Despite of the rapid growth in the field of Ad-Hoc
networks, many challenges still exist and need more
attention and consideration from researchers so that it is
possible for such networks tobe used more widely within
the next few years. Recently we have evaluated the
routing information protocol and dynamic source routing
[11]. According to this model, Routing Information
Protocol (RIP) was found to be better as compared to
Dynamic Source Routing (DSR).
Performance evaluation of AODV, DSDV, and DSR
Routing Protocol in Grid Environment was described in a
previous study [12] . According to this model, the AODV,
DSR, and DSDV perform very well when the mobility is
high. However, simulation results showed that the
traditional routing protocols like DSR have a dramatic
decrease in performance when the mobility is high. In [13],
the performance of routing protocols in mobile Ad- Hoc
network was compared for DSDV, AODV, and DSR and
showed that DSR outperforms AODV. The DSR has less
routing overhead when nodes have high mobility
considering the throughput, end-to-end delay and packet
delivery ratio metrics while DSDV produces low end-to-
end delay compared to AODV and DSR. In [14], the
evaluation four Ad-Hoc network protocols (AODV,
DSDV, DSR and TORA) in diverse network scales taking
into contemplation the mobility factor. Based on this
model, the throughput and energy consumption in tiny
size networks did not disclose any momentous
differences. On the other hand, for medium and huge Ad-
Hoc networks the TORA concert proved to be
incompetent in this research. Above all, the concert of
AODV, DSDV and DSR in tiny size networks was
equivalent. Other than in medium and large size
networks, the AODV and DSR formed good results and
the concert of AODV in terms of throughput is good in all
the scenarios that have been investigated.
Thus, our work in this present study is to use the more
widely used traditional mobility models and traffic
sources to create observations based on more
standardized methodology that can be used to evaluate
which protocol, proactive routing protocol (RIP) or
reactive routing protocol (DSR), is more stabile for Ad-
Hoc networks based on some criteria in QualNet
simulation.
Ad-Hoc Routing Protocols
The routing protocol resolves the path of a packet from
the source to the destination. To forward a packet, the
network protocol requires knowing the next node in the
path and the outgoing interface on which to send the
packet [15]. A routing protocol computes routing
information such as homogeneous and heterogeneous
networks [8, 16]. Overall, routing protocols can be
classified into two categories: proactive (table driven)

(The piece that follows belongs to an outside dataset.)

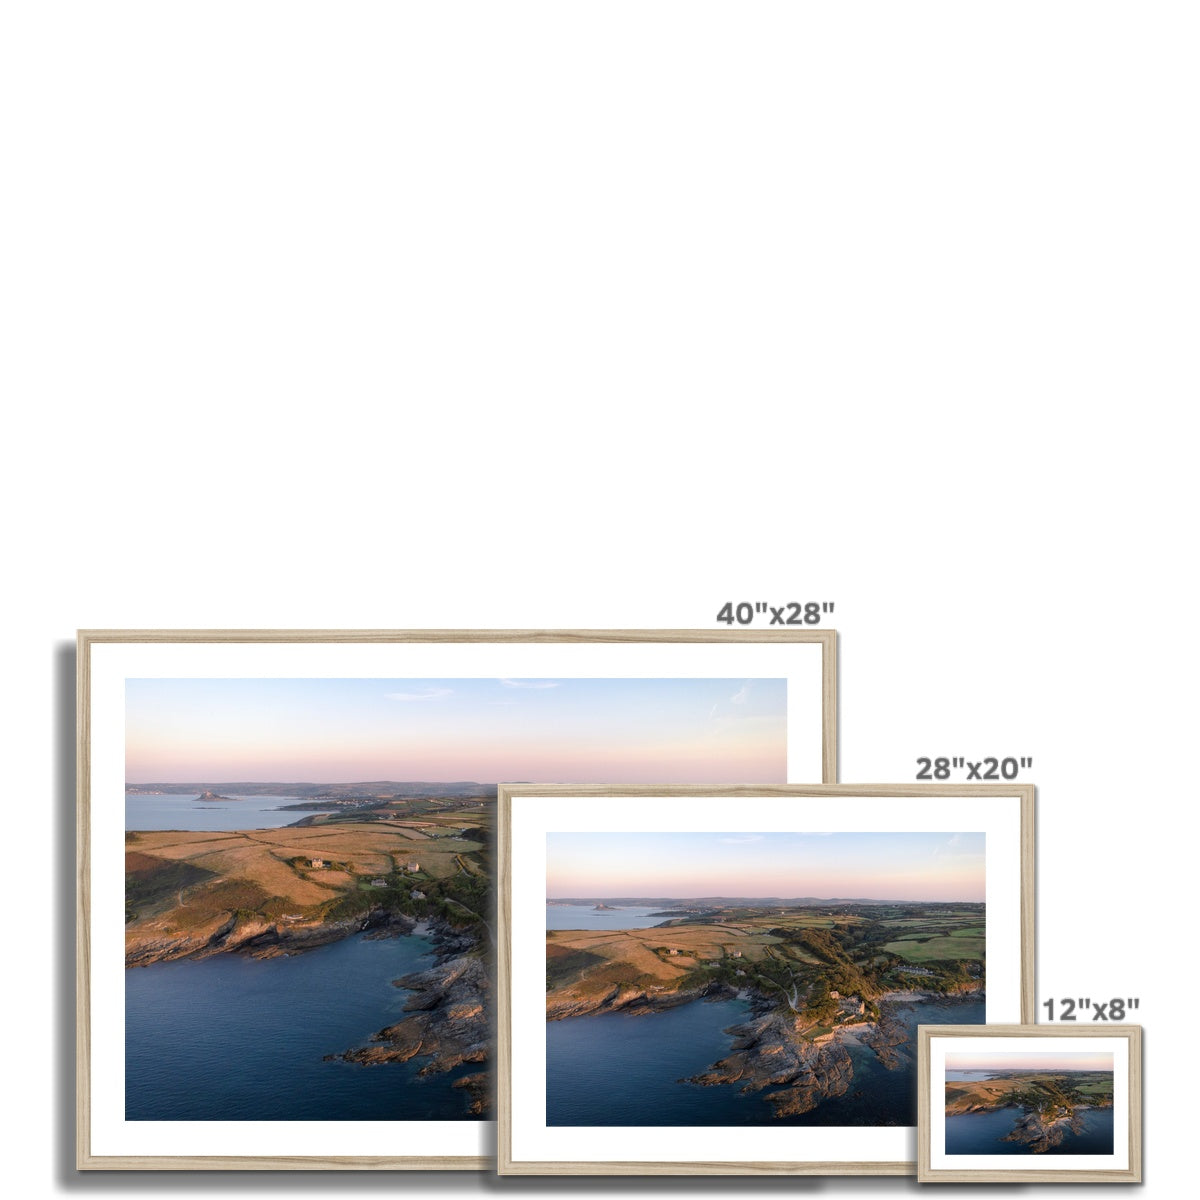 bessys prussia cove framed photograph

routing protocols and reactive (on-demand) routing
protocols. Popular proactive routing protocols are
(DSDV) [17], Open Shortest Path First (OSPF) [18, 19], and
RIP [20], whereas reactive routing protocols include DSR
[21] and AODV [22].
Routing Information Protocol
RIP is a routing protocol which is dynamic as OSPF, but it
is widely used in both local and wide area networks. It is
classified as an Interior Gateway Protocol (IGP) which
makes a use of the distance-vector routing algorithm as
proposed in 1988 [23]. Since then, RIP Version 1 has been
extended and updated to RIP Version 2 in 1998 [20]. It is
indicated that both RIP versions are stillbeing used today,
but they have been technically supported by more
advanced techniques such as OSPF and Open Systems
Interconnection (OSI) protocol; Intermediate System to
Intermediate System (IS-IS). Moreover, RIP has been
updated to IPv6 network which is known as a standard
RIP next generation (RIPng).
One of the advantages of employing RIP is that it is
simple to understand and easy to configure as it is capable
of being supported by all routers, support load balancing,
and in general, it is free from loop. However, among the
disadvantages, RIP is not efficient, slow when it is used in
large networks due to its configuration, supports equal-
cost load balancing, its congestion raises a problem and its
scalability is limited since it is only measured as 15 hop
maximum.
Dynamic Source Routing
Dynamic Source Routing (DSR) is defined by Johnson and
Maltz [24] as a routing protocol which is still on demand
and in which the sender of data can determine exactly the
required sequence of nodes to propagate a packet. This
packet header includes a number of intermediate nodes
for routing. Each node works to maintain the route cache
which cashes the source route being learned. It is stated
that "Route Discovery" and "Route Maintenance" are the
two main components of DSR which work together to
determine and maintain routes to random destinations.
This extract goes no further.